Вернер Гейзенберг: трагедия ученого | страница 6
Едва ли мы когда–нибудь узнаем совершенно точно, что именно говорили Гейзенберг и Бор при встрече: Скорее всего оба они изложили потом факты правильно (оценка всего эпизода как попытки шпионажа — субъективная оценка, а не факт), но каждый придавал значение тому, запомнил то, что ему показалось наиболее важным.
Интересно, что когда после войны многолетний сотрудник Бора профессор С. А. Розенталь спросил Гейзенберга, действительно ли он приезжал, чтобы договориться о противодействии созданию бомбы, тот ответил: «Это было бы безумием, если бы соглашение состоялось, мне после возвращения в Германию сразу отрубили бы голову». На тот же вопрос Вейцзеккер ответил: «Мы были очень наивны».
Снова возникает вопрос: как примирить это с утверждением Бора — «Гейзенберг очень честный человек»?
Весьма возможно, что со временем Бор больше узнал об антинацизме Гейзенберга, о его бескомпромиссной защите науки, понял, что он честен и откровенен в изложении своих мнений, и изменил свое отношение к нему. Вейцзеккер вспоминает, что, когда он в 1950 году, впервые после войны, встретил Вора и хотел разъяснить суть того, что тогда, в 1941 году, намеревался сказать ему Гейзенберг, Бор прервал его словами: «Ах, не будем об этом разговаривать. Я вполне понимаю, что во время войны приоритет для каждого — лояльность по отношению к своей стране.
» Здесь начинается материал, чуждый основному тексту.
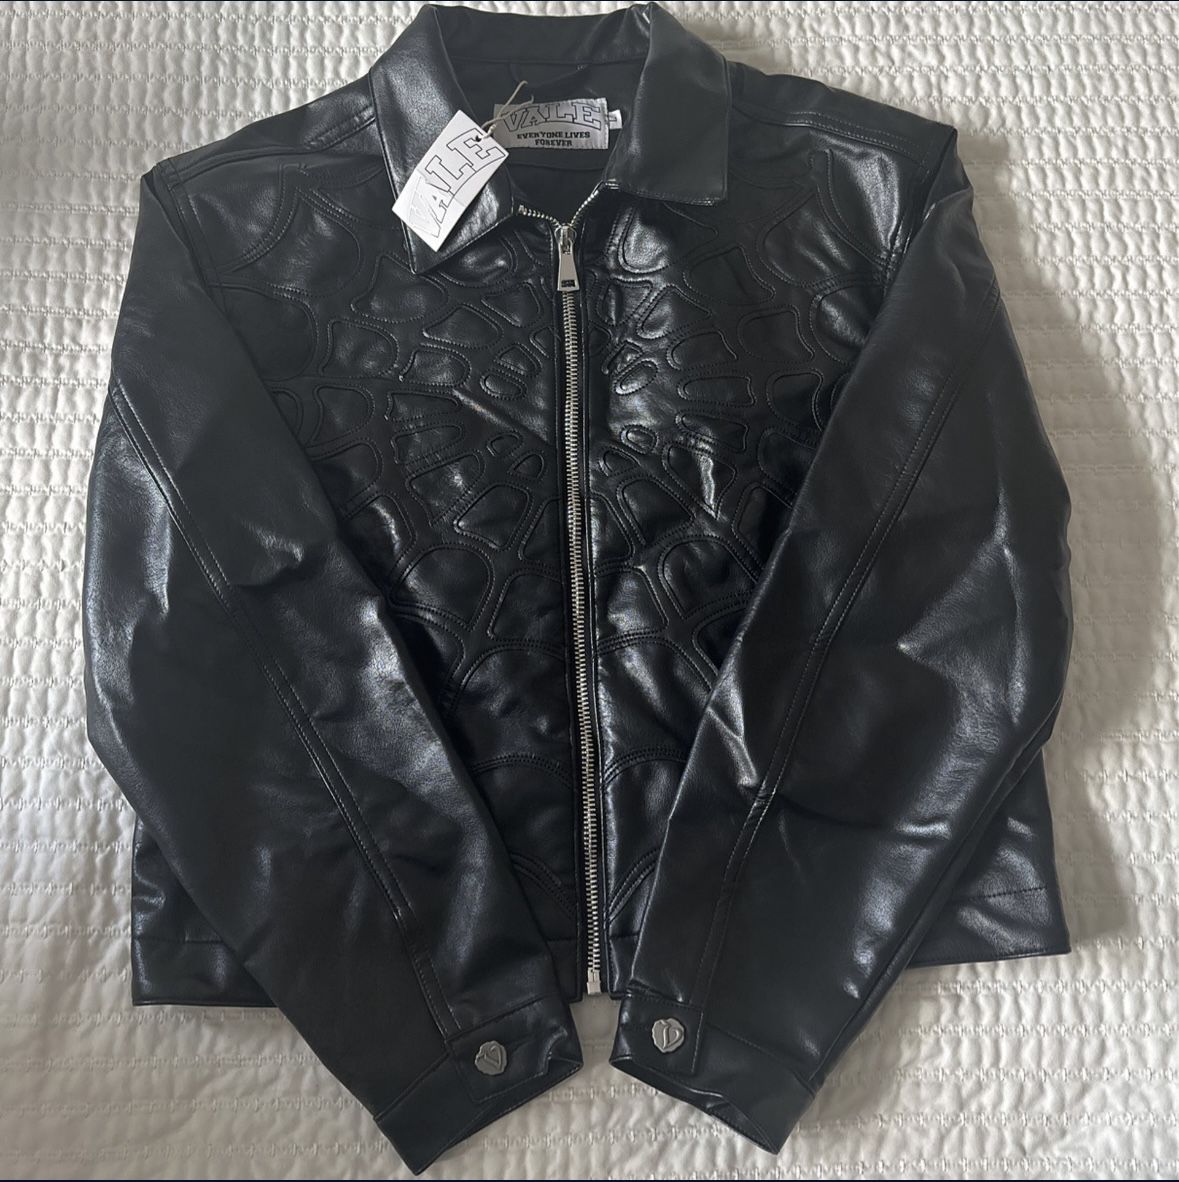 Vale leather jacket

Гейзенберг же знает, что я так ду маю». Вейцзеккер в самом начале своих записок замечает, как трудно точно вспоминать то, что происходило и говорилось сорок лет назад. Однако приводи мые им слова Бора правдоподобны: считая Гейзенберга националистом, но антинацистом, он, видимо, в принципе признавал его право на «оборонческую» позицию.
Конечно, то был отнюдь не идущий до конца антинацизм. Юнг приводит слова Хоутерманса: «Каждый порядочный человек, столкнувшийся с режимом диктатуры, должен иметь мужество совершить государственную измену». Редактор одного из главных немецких научных журналов, «Натурвиссеншафтен», профессор Розбауд, близко знавший всех ведущих немецких физиков и вхожий в их лаборатории, бесстрашно передавал английской разведке добываемую им ценную информацию о ходе урановых дел в Германии. О Розбауде (нелегальная кличка «Гриф») прекрасно рассказал С. Снегов в своей книге «Прометей раскованный». Но поступать так, как Розбауд, люди иного склада не могли.
Все же, чтобы понять слова Бора, надо разобраться в важной и сложной проблеме: ученый, интеллектуал в условиях жестокого диктаторского режима.